After graduation, First Lieutenant Reidy spent three years on easy duty, much of it in Japan, where he chafed at military discipline but stayed out of bunkers, except on the golf course.

When force reductions allowed him to leave the Army early, he jumped at the chance, even though he had no idea what his next job would be. Which is how he happened to be unemployed, living at his parents' New Jersey home, and answering the phone in boxer shorts when a Pfizer recruiter called.


Jamie Reidy

Reidy stumbled into a job at the world's largest pharmaceutical company, seduced more by the $40,000 starting salary than any desire to help patients. What he discovered there was an oddly

familiar military culture with rigorous training, rigid sales scripts, and an unyielding requirement to call on 40 doctors a week.

But he soon realized that no one checked up on him. He worked from home, and no one knew if he started his day at 10 a.m. or even went AWOL—as long as he made his quota and enough doctors signed for samples every week.

Within months, he had found a new way to spend weekdays at home in his boxers: He launched on the less-than-sterling career he chronicled in his tell-all book, Hard Sell: The Evolution of a viagra cialis online pharmacy pharmacy Salesman. He started work late and often took off at three in the afternoon.

He persuaded doctors to sign undated sample receipts, which allowed him to fake sales calls. Once, he traveled to London, England, without taking vacation time, even pretending to be in an Indiana parking lot when he returned his boss's calls.


Excerpt from Hard Sell

Of course, that only worked because he was good at selling pharmaceuticals. To his own surprise, he was promoted to Pfizer's new urology division, where he eventually—based on sales recorded two months after he quit—became the number-one Viagra sales rep in the nation.

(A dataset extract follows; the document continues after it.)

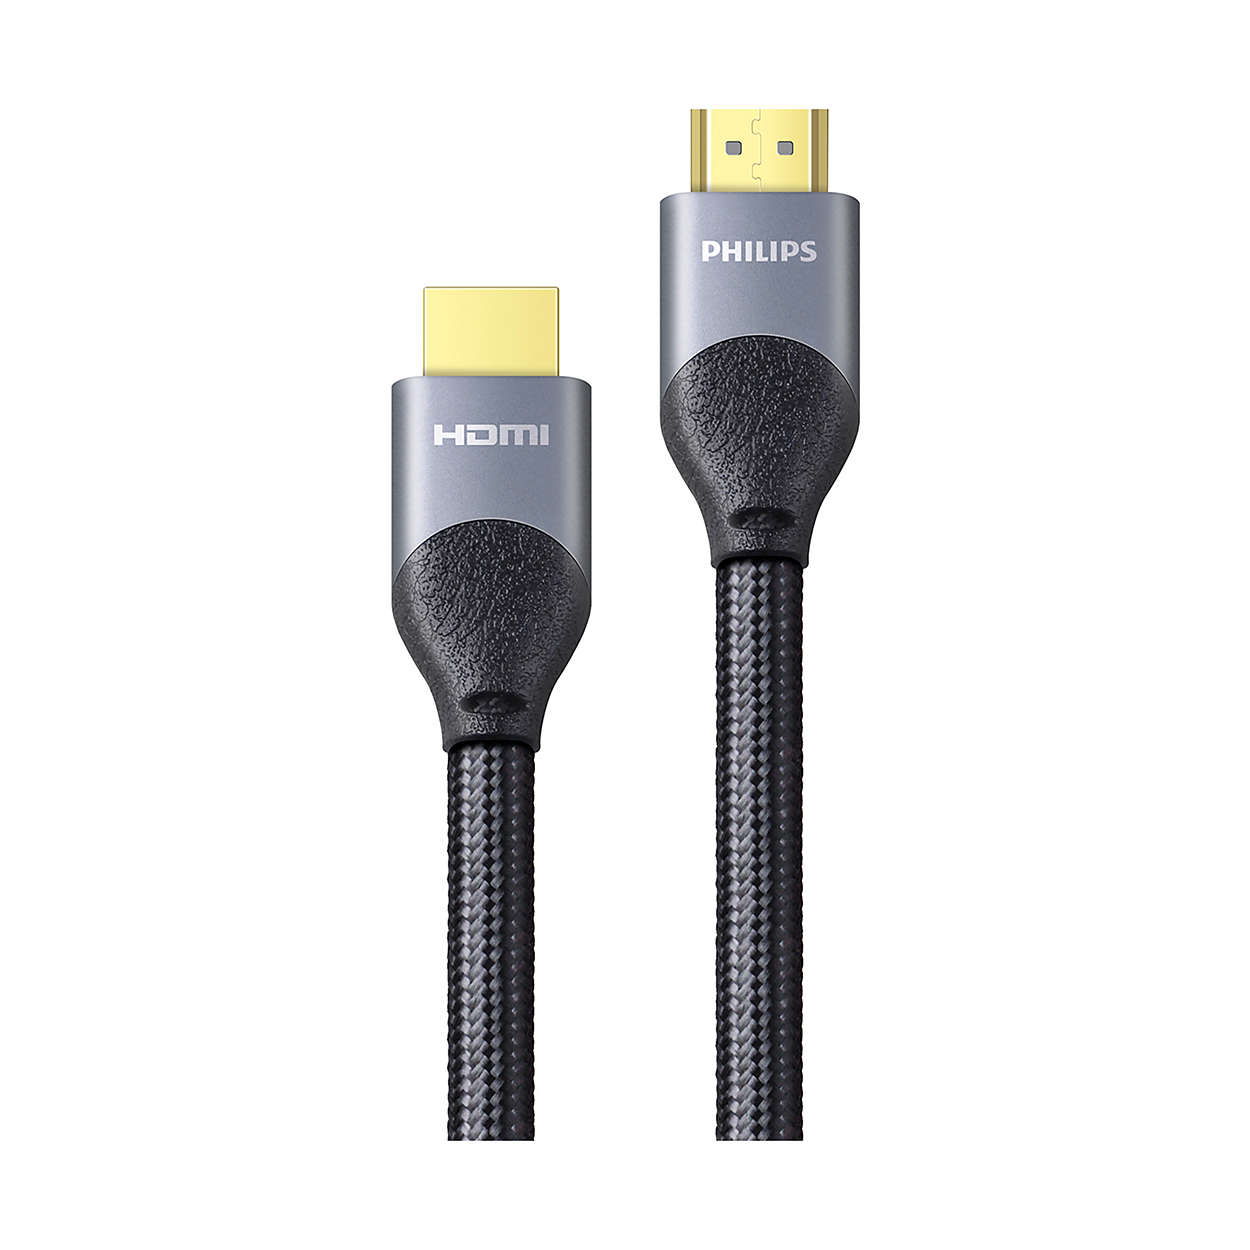 HDMI Preminum Certified Cable

In October of 2000, Reidy began a second career in pharmaceutical sales, which he took much more seriously. He often worked a full day selling oncology drugs for Eli Lilly, where he and his sales partner also reached number one in the country.

The company promoted him to oncology sales trainer—his favorite job in pharma—one he likens to the roving batting instructors of minor-league baseball. Lilly fired him when Hard Sell was published in March of this year.

His next book, about the Lilly oncology years, will be called Hard Feelings. Reidy lives in Manhattan Beach, California. He is writing a screenplay, and closing a deal for the movie rights to Hard Sell.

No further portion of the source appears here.